The commentator screamed: “Van der Burgh is tiring, he’s a one-length specialist” but the truth was the 24-year-old had simply blown the rest of the world away and Australia’s Brenton Rickard was left trailing in sixth-place as his global mark was shattered by 0.12secs.
Afterwards the Crawford College old boy gasped: “The world record doesn’t matter. Just to be an Olympian, an Olympic champion, puts you in a club which nobody can take away from you.”
The beauty of Van der Burgh’s triumph lies in the fact that, unlike so many other South African swimmers, he is home-schooled. Cameron does his training at the University of Pretoria, as part of an academy which also saw AmaTuks graduate to the Premier Soccer League last season as well as producing top class tennis players and golfers.
In less than a minute, Cameron had won Africa’s first medal and improved on the entire South African medal haul from Beijing four years ago, where long-jumper Khotso Mokoena won a single silver in a bleak Chinese fortnight.
For the first time in eight years, Nkosi Sikelel’ iAFrika boomed out across an Olympic venue, and Van Der Burgh could barely keep his composure, taking huge breaths to keep the tears from overwhelming him.
Holding his emotions in check, he grinned: “I chose just the right time to swim the perfect race. That’s what I’ll be able to tell my children.”
Van der Burgh, who started swimming seriously at 11, confesses: “I love what I do and never feel like I’m actually working. Playing in the pool all day isn’t so bad.”
And now for further medals – 11 of them, if Sascoc are to maintain their optimistic schedule in London.
Cameron’s fellow swimmer Chad Le Clos, the 20-year-old from Durban, has chances after finishing an impressive fifth in the 400m individual medley behind American giant Ryan Lochte.
But even if Le Clos misses out in his favourite 200m butterfly tonight or the 200m medley on Friday, there’s always the men’s lightweight four in the rowing at Eton Dorney on Thursday where Lawrence Ndlovu, John Smith, Matthew Brittain and James Thomson are hoping to build on their second-place finish at the World Cup in Lucerne earlier this year.
But for real bullion, we need only look to today’s triathlon in the London docklands for medal-hungry South Africans.

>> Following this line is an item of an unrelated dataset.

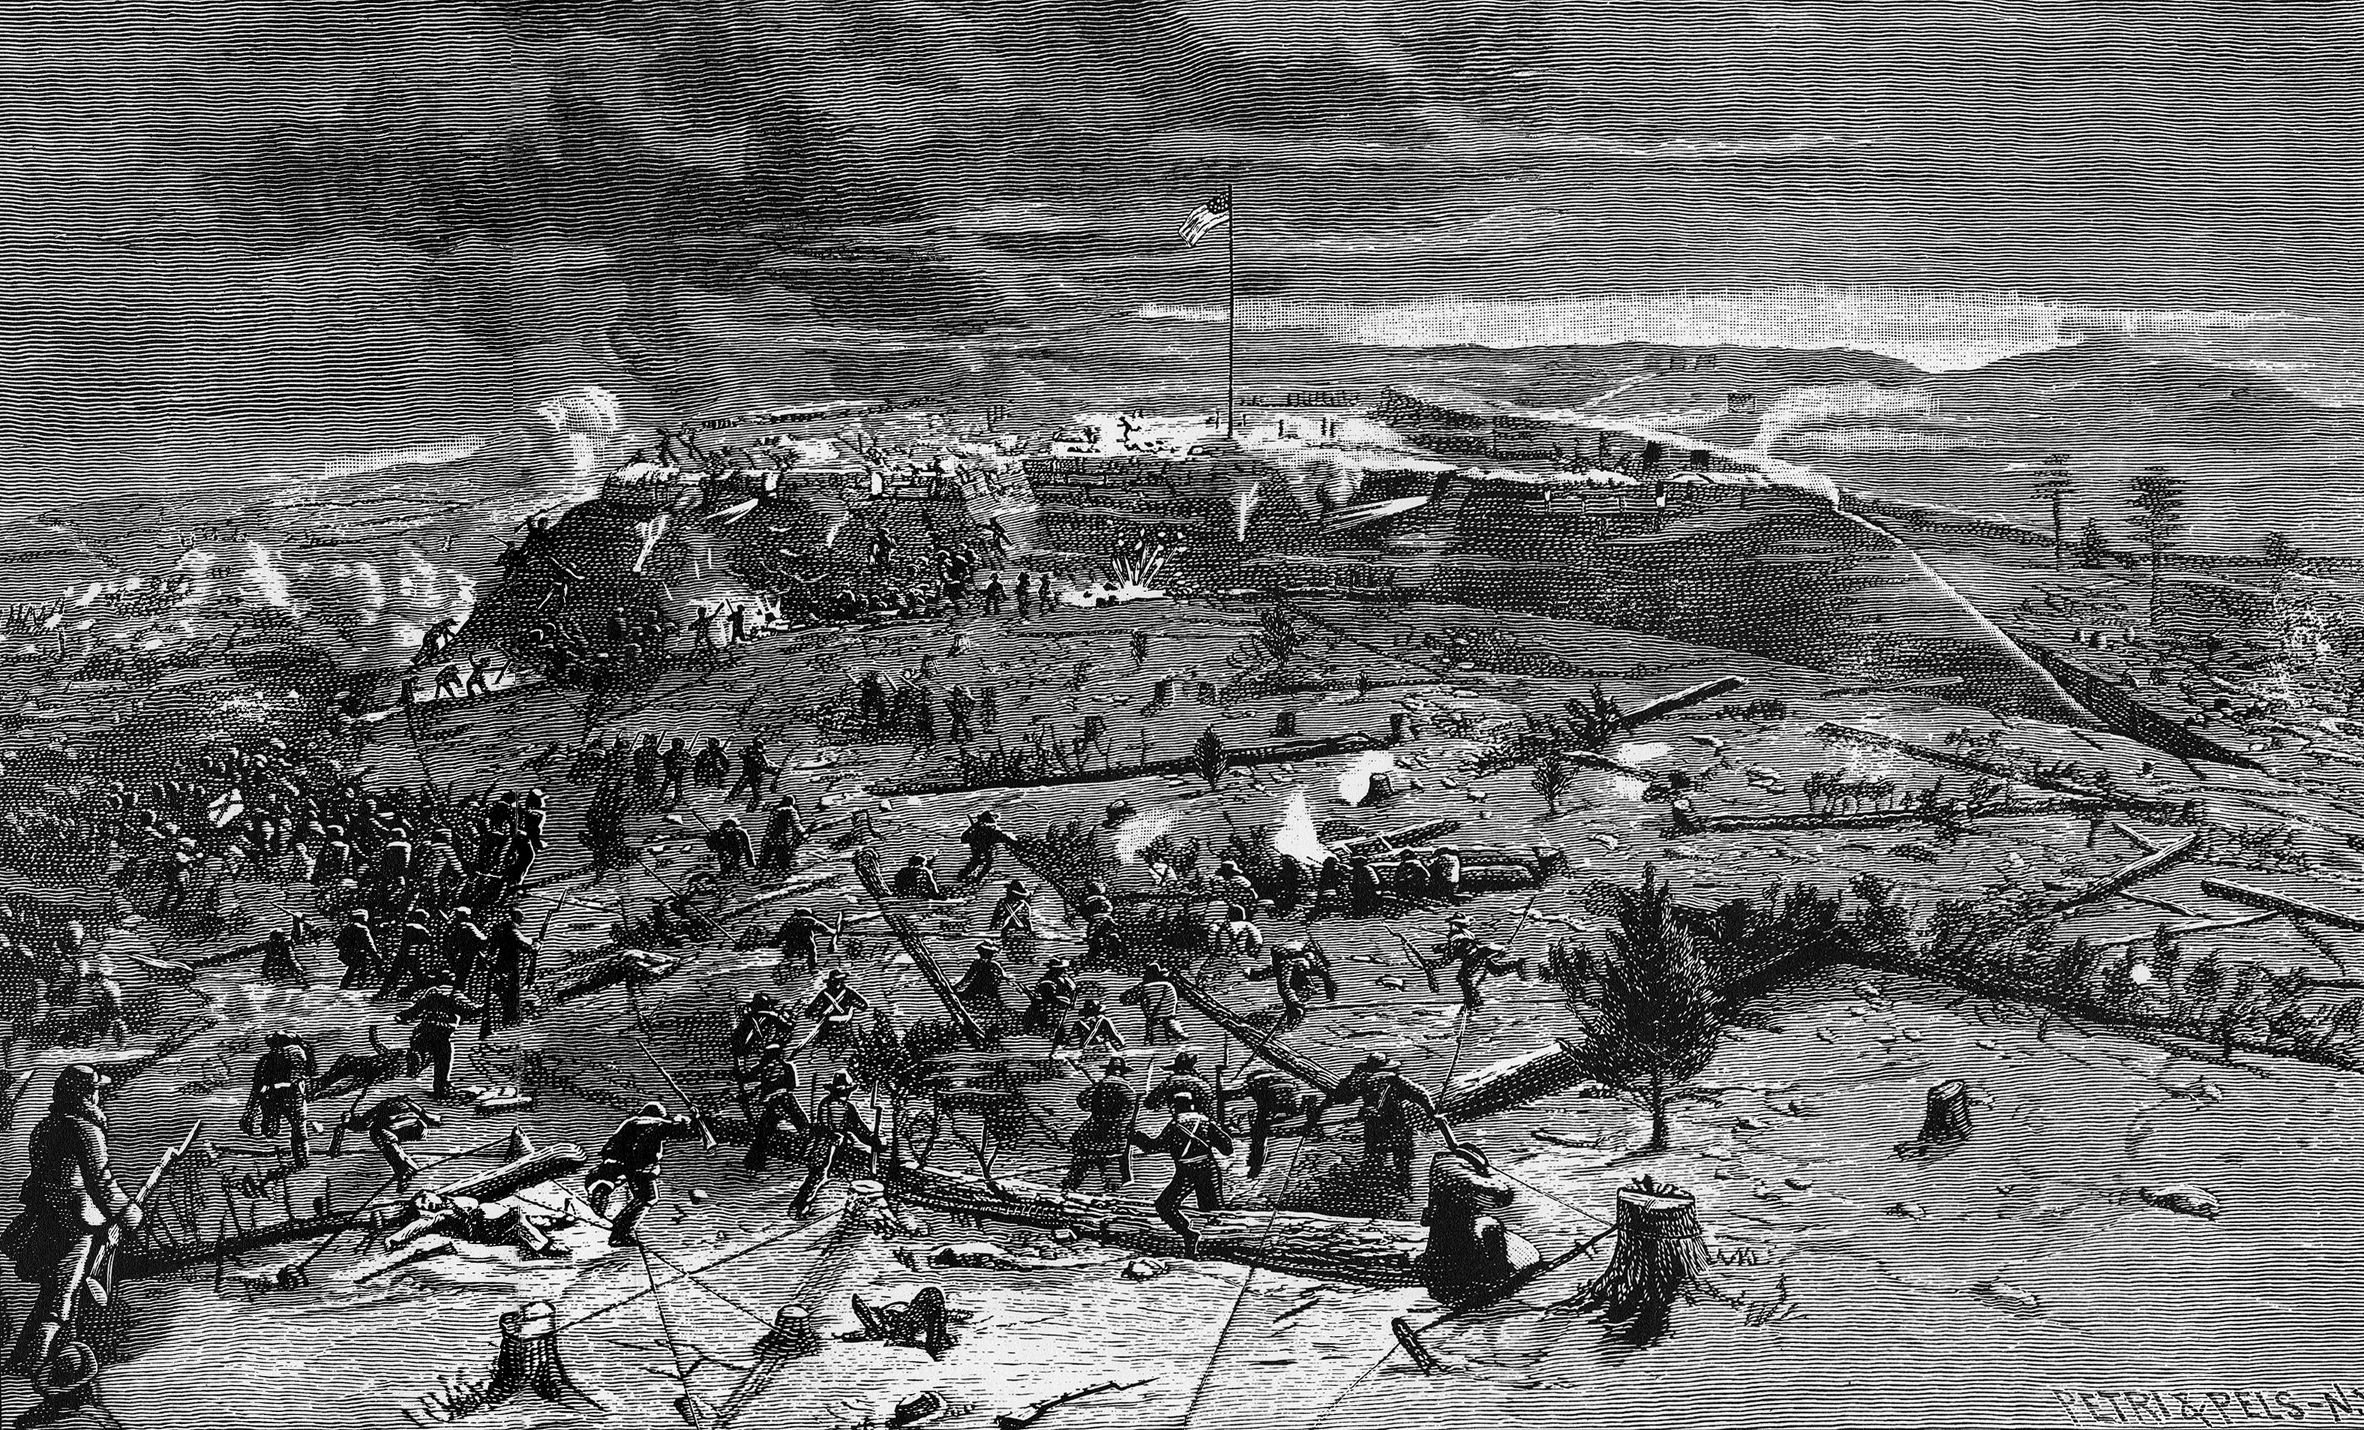 One of the most difficult operations in the Civil War, and one that failed regularly, was the attempt by infantry to storm strongly held field fortifications. Following their orders, clusters of Confederates desperately try to fight their way uphill to Fort Sanders.

That’s where South Africa have real medal hopes, centring on Richard Murray, the 23-year-old from Cape Town, who won the swim-cycle-run World Cup event in Hamburg on the Saturday before the Olympics, over-shadowed by Hashim Amla’s 311 not out and Ernie Els’ Open triumph.
By the time the athletics starts – with javelin thrower Sunette Viljoen, 800m champion Caster Semenya, Mokoena, the 4x400m men’s relay and 400m hurdler LJ Van Zyl all medal contenders – South Africa may well have a few more medals in the bag before Burry Stander’s mountain biking on the final Sunday of London 2012.
And as I write this column remember this: South Africa are currently leading hosts Great Britain in the medals table – Lewis Hamilton was the only British winner of the weekend. And his Grand Prix triumph came a distant 1 500km away in Hungary.